The 2 seat Belfast option would require unnecessary changes, and is therefore less likely in my opinion. Also, the complaints of Malone Road residents or any other residents will be less relevant from now on because the incoming boundary legislation will do away with local public inquiry meetings. Instead there will only be a 3 month written submission period, so that the BC can swiftly complete the job at hand. Would you say the 3 seat or the 2 seat option is more likely? On most recent voting evidence, and taking the 3 seat Belfast option, we would have an election result of 2 SF seats and 1 Alliance/DUP seat.
I also agree that the 5 current Western seats (counties Tyrone, Derry and Fermanagh) will be reduced to 4 new seats (Fermanagh-South Tyrone, North Tyrone, Foyle, East Londonderry). Again, no large scale changes are required and the external boundary encompassing the 4 new seats can remain the same as the old 5-seat external boundary. The electorate of 328,000, when divided by 4 seats produces 82,000 electors per constituency. This will leave the West with 2 SF seats, 1 SDLP seat, and 1 DUP seat. However, the new DUP seat of East Londonderry would become a marginal seat because 16,000 new electors from the Magherafelt DEAs of Sperrin and Moyola would be added. This would leave East Londonderry with a total unionist electorate of only 52%, and this majority would be eroded over time due to demographic changes.
Newry-Armagh and Upper Bann are within the quota as they stand, so I see little point in changing them. So, they would return 1 SF and 1 DUP seat.

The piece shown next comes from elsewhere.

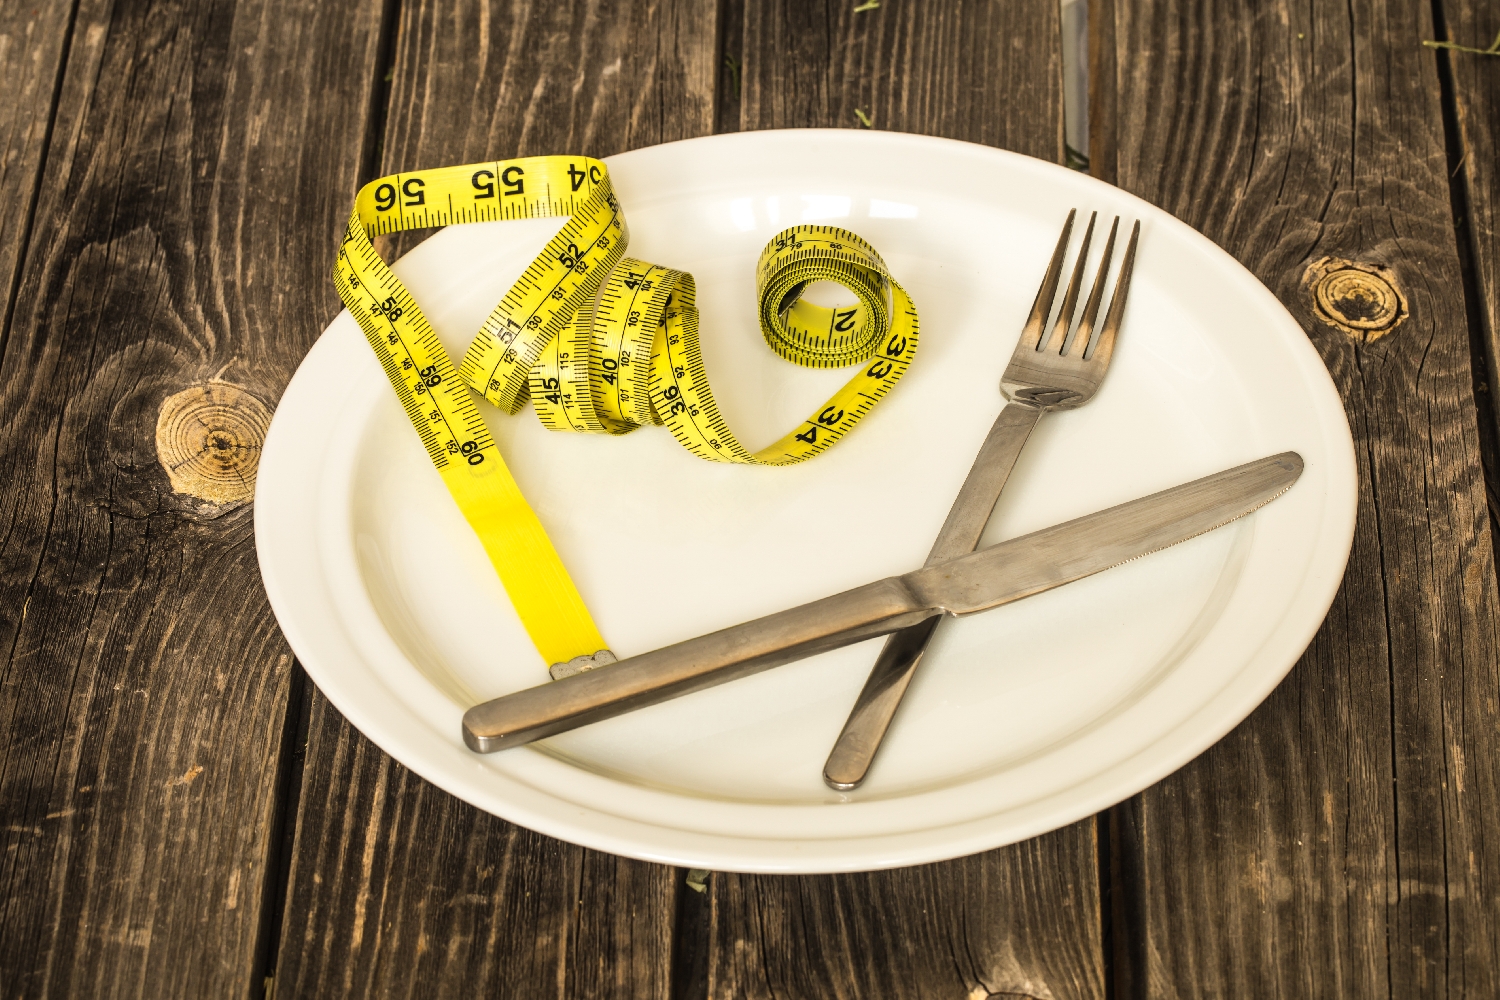 Jak pomoc někomu s poruchou přijmu potravy?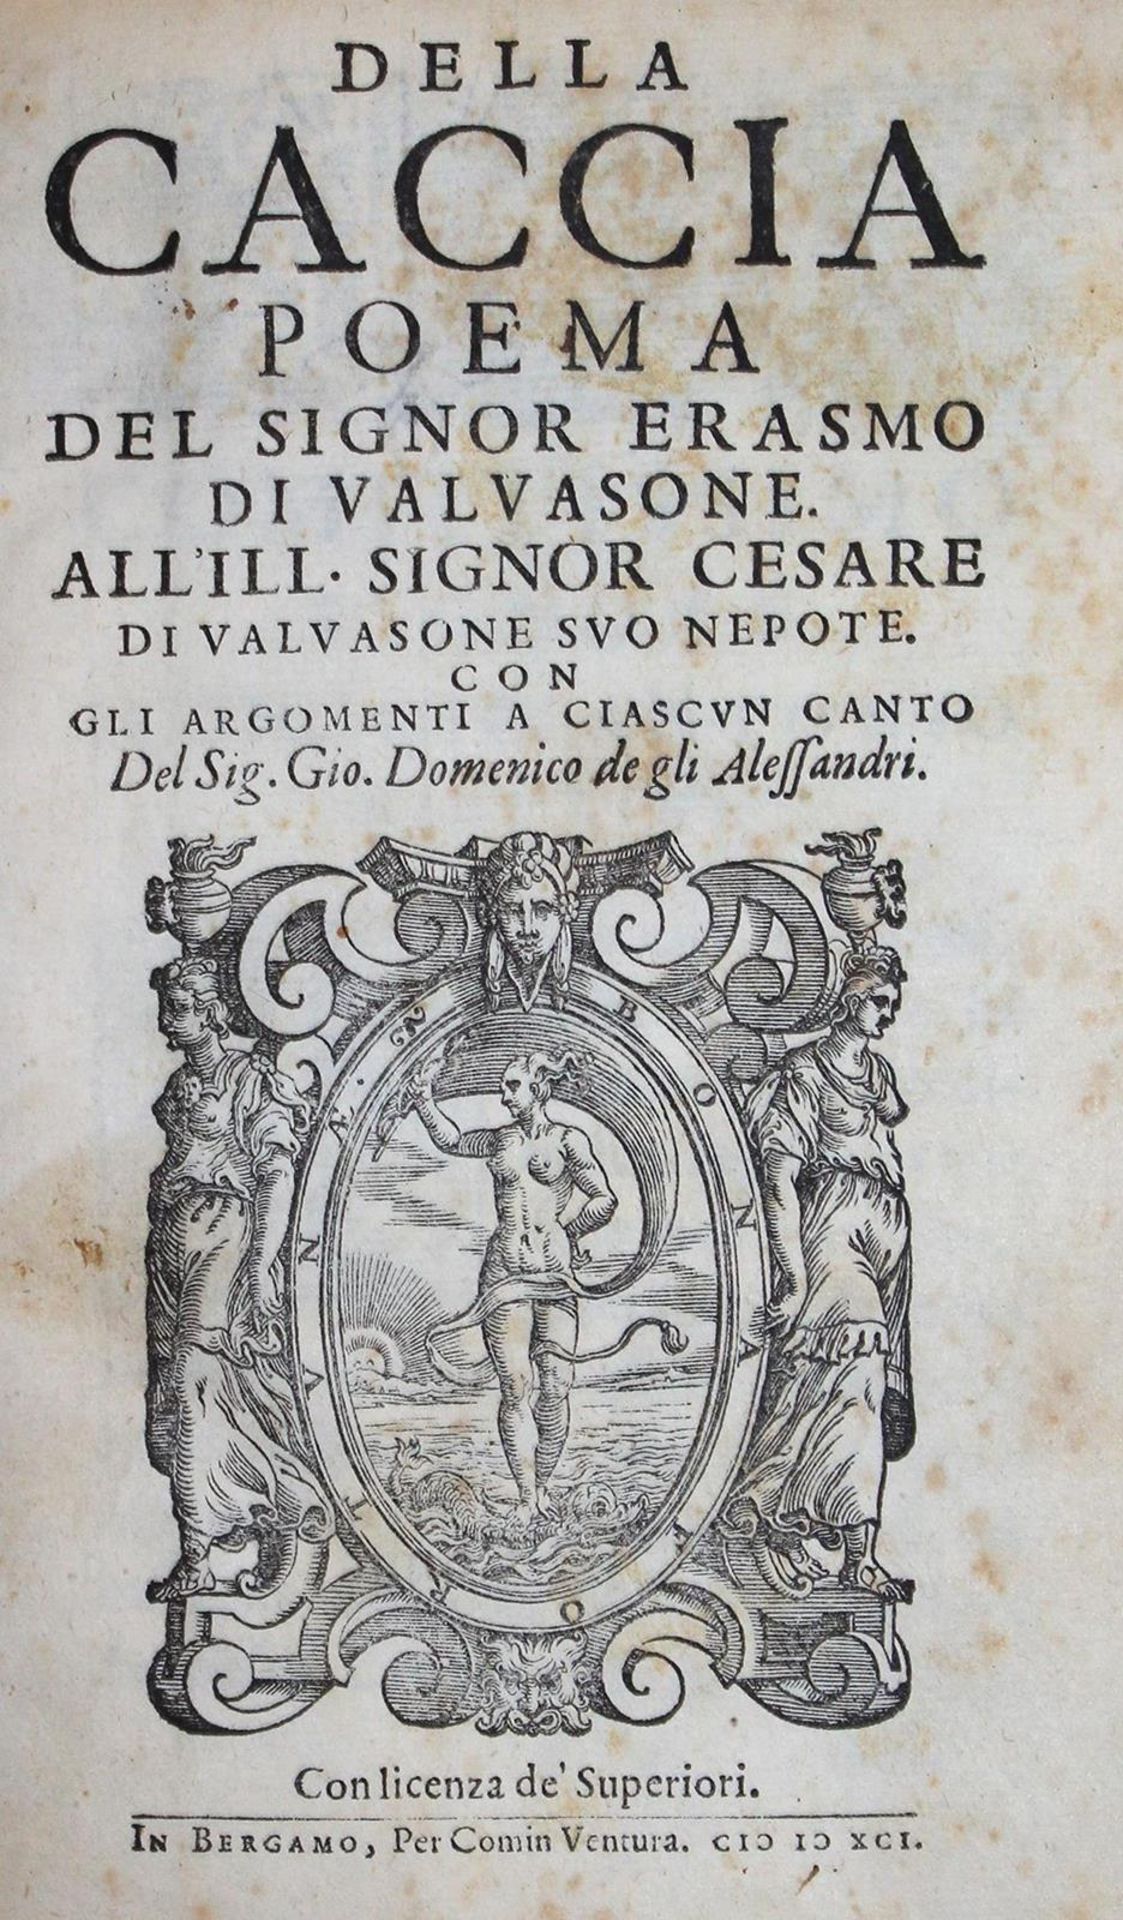 Valvasone,E.de.Della caccia poema. Bergamo, Comin Ventura 1591. Mit Holzschn.-Druckermarke a.T.

That leaves the remaining parts of counties Antrim and Down which are currently represented by 7 seats. This electorate of 459,000 will be reduced to 6 seats with an average quota of 76,500. I expect there will be an expanded North Antrim and an expanded East Antrim. North Antrim and East Antrim would both take territory from South Antrim. The remainder of South Antrim would be merged with the northern half of the current constituency of Lagan Valley. Lagan Valley would be the constituency to lose out, with the other half of Lagan Valley being added to the three current Down constituencies (North Down, Strangford, South Down) to form 3 new expanded constituencies. North Down will expand to take the Ards peninsula. The remainder of Strangford will be added to the remainder of Lagan Valley to form Mid Down. South Down will also have some minor additions. These boundary changes appear relatively obvious choices to me. We could hypothesise that this would result in 5 DUP seats and 1 SDLP seat (although Sylvia Hermon would reduce the DUP tally by 1 if she runs in North Down again in 2015).
This would leave us with an overall tally of 8 seats for the DUP (or 6 seats if Long and Hermon repeat their 2010 performances), and 7 seats for nationalism (SF with 5, SDLP with 2). Overall, the changes would result in the DUP losing 2 seats (North Belfast and Lagan Valley), and the SDLP losing 1 seat (South Belfast). SF’s loss of Mid Ulster would be offset by their gain of North-West Belfast. East Londonderry would become a major electoral battleground, as it would represent the target seat for nationalism to win in order for it to achieve a majority of Westminster seats.
Because by the next westminster election, Gregory Campbell will have been this constituency's incumbent MP for 15 years and I think you'll find that the nationalist vote in East Londonderry significantly underperforms its potential strength,especially in coleraine and portrush/portstewart.
A few republican rural areas of Magherafelt council bolted on cannot overcome a long incumbent MP in a seat were the differential turnout between protestant and catholic voters is significant.Anyhow,the DUP are strong in this seat,for example,they have 3 MLA's to SF's 1.